[[ PROVIDED DATA, beginning ]]
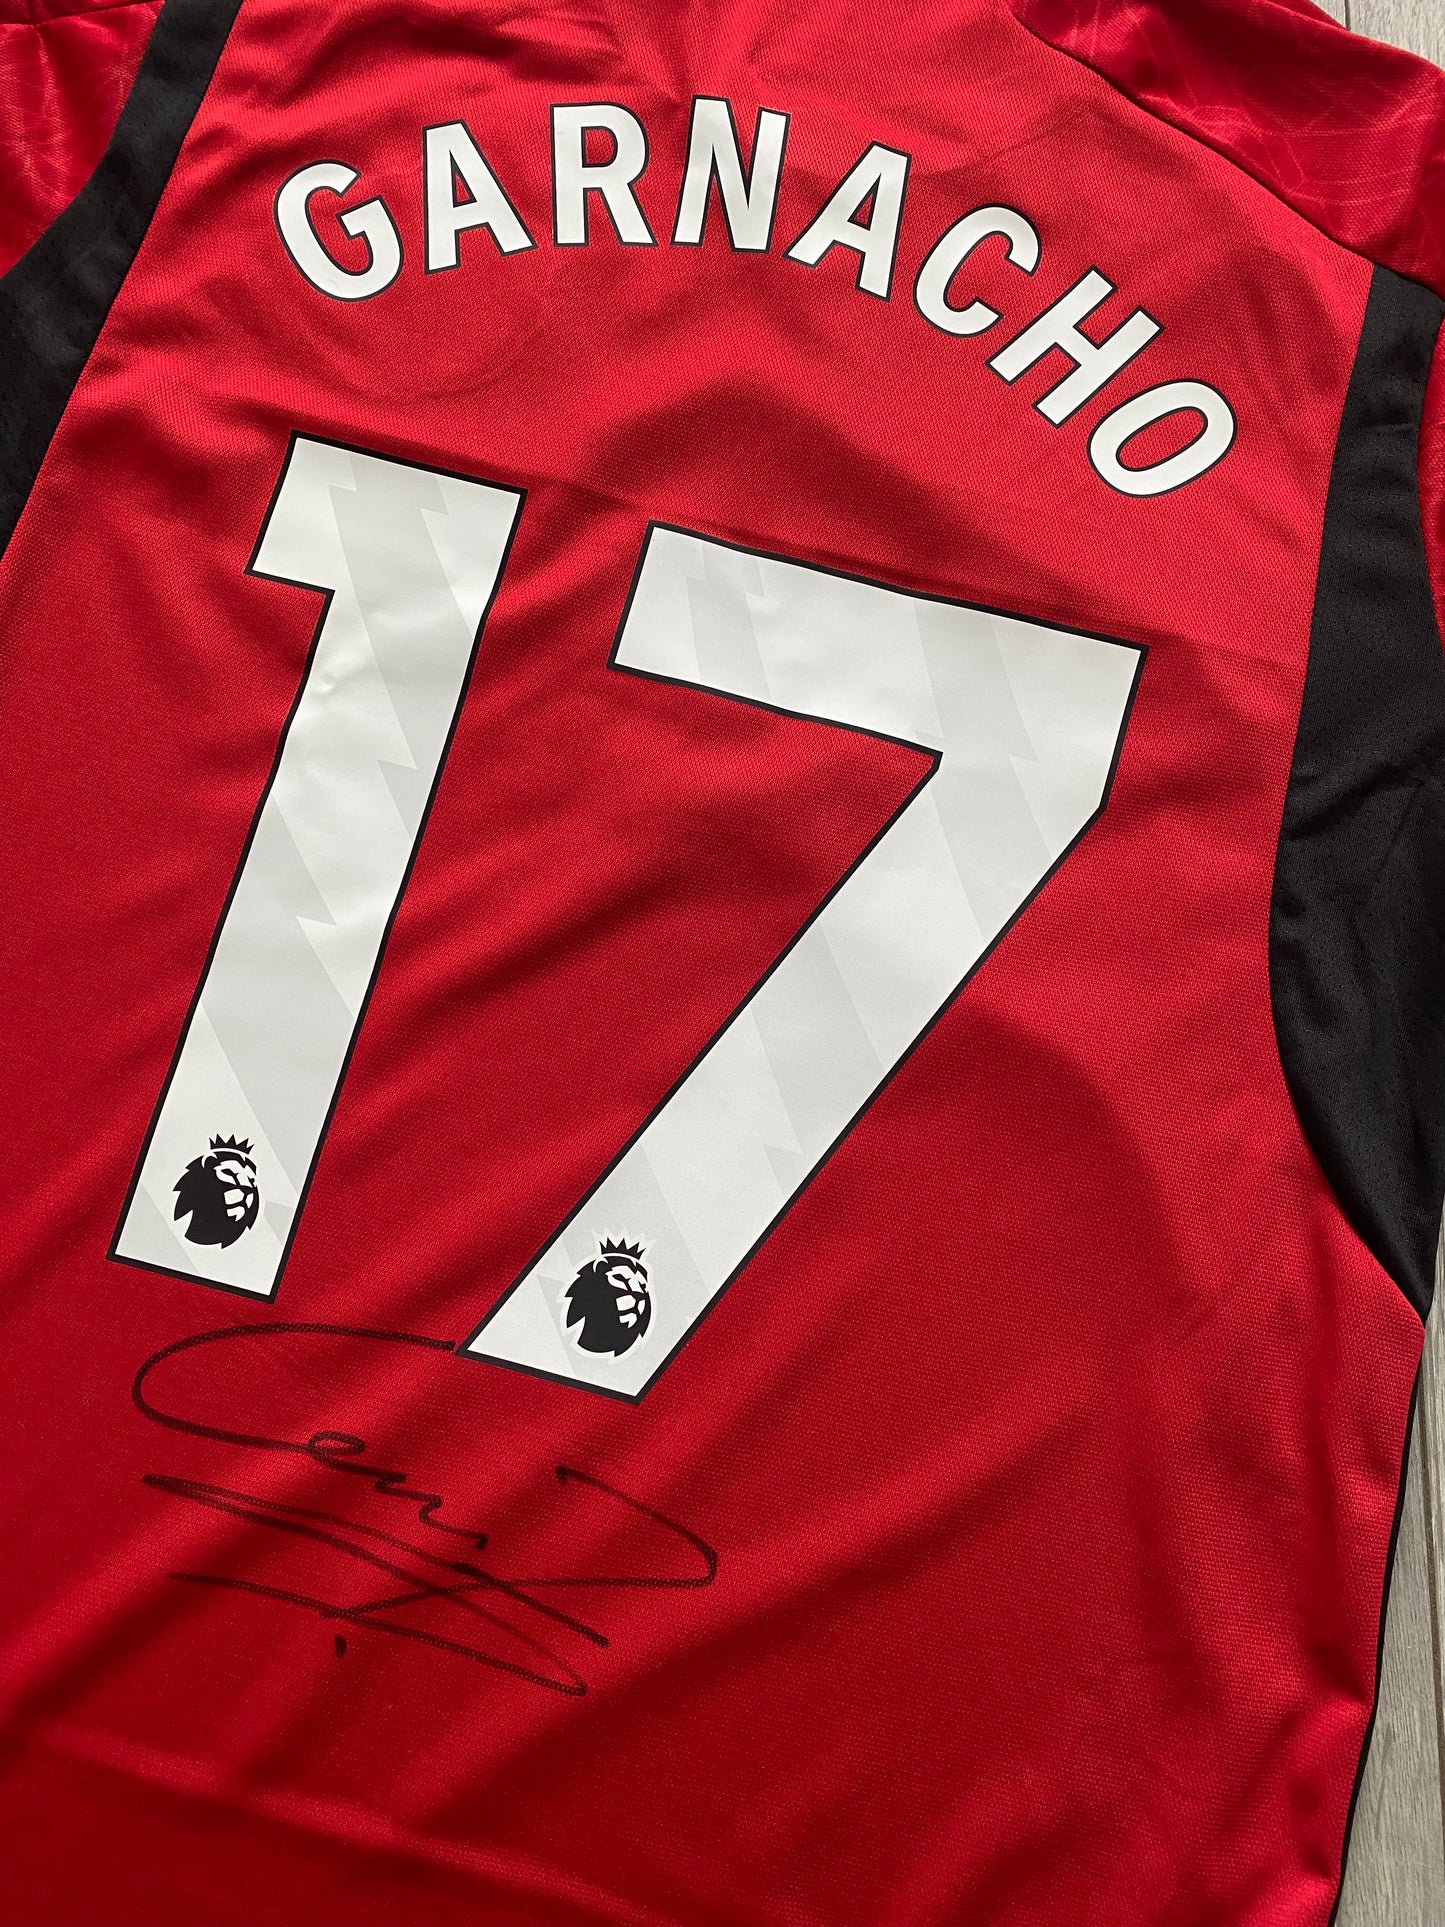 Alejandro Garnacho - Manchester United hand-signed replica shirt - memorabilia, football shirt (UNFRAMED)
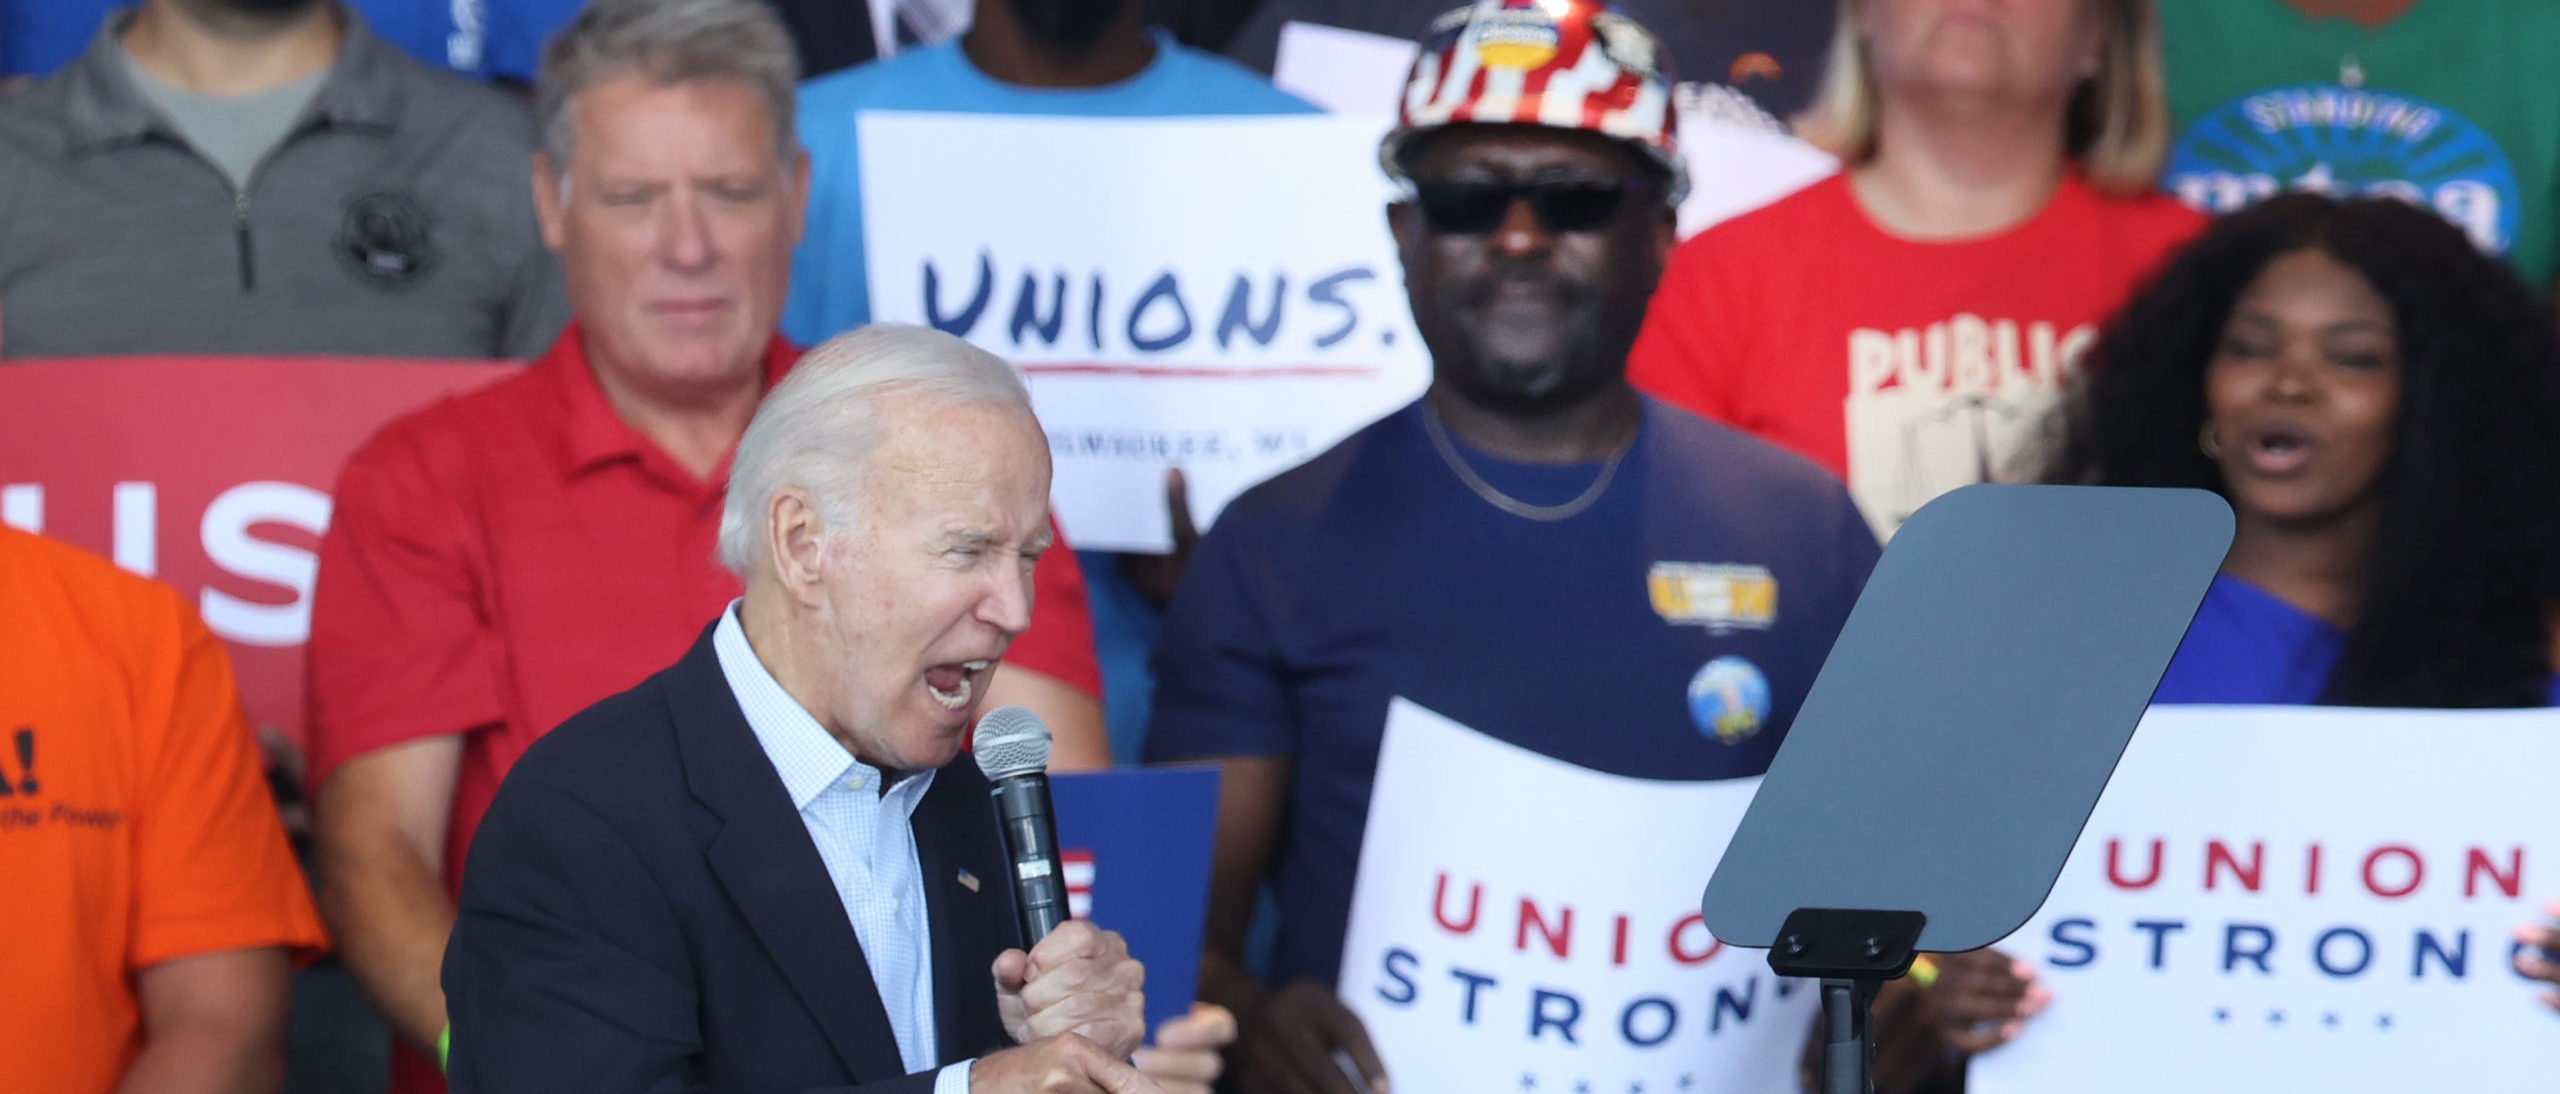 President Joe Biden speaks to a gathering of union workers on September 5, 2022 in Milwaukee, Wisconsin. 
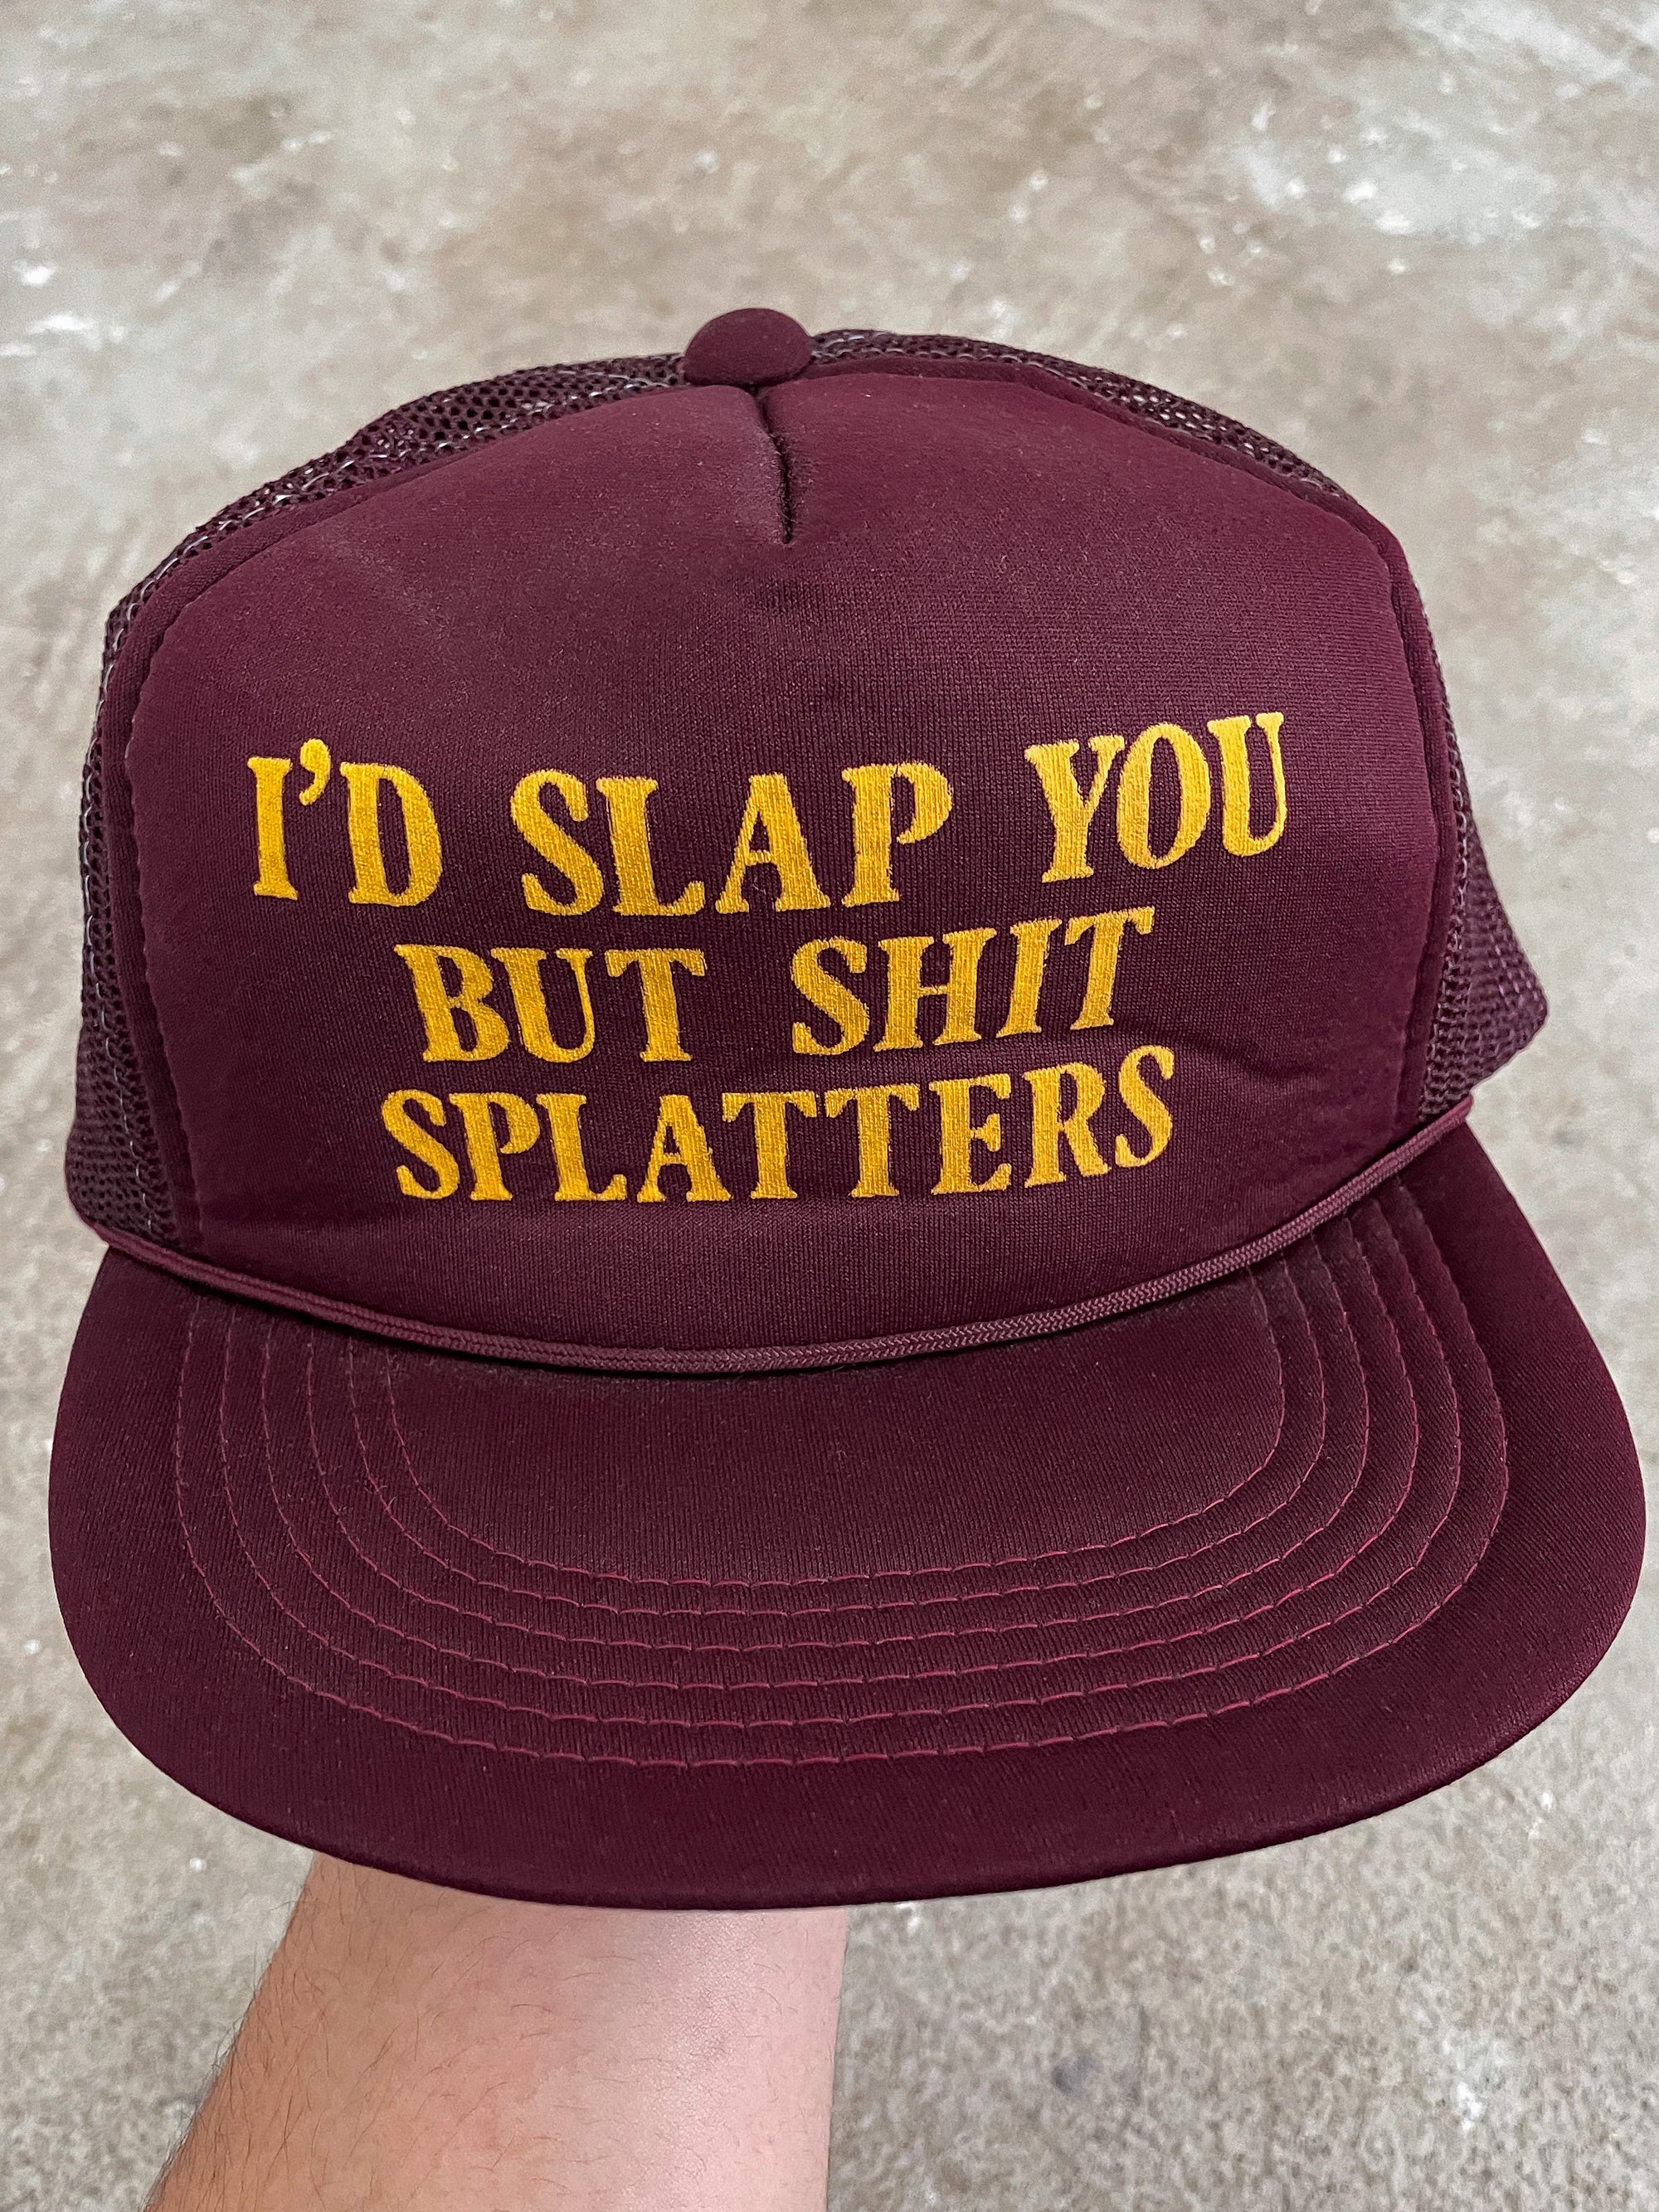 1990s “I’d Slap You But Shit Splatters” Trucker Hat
[[ PROVIDED DATA, end ]]
Please repeat each line above exactly as it appears, but omit the pictures.

ANSWER SECTION:
 Alejandro Garnacho - Manchester United hand-signed replica shirt - memorabilia, football shirt (UNFRAMED)
 President Joe Biden speaks to a gathering of union workers on September 5, 2022 in Milwaukee, Wisconsin. 
 1990s “I’d Slap You But Shit Splatters” Trucker Hat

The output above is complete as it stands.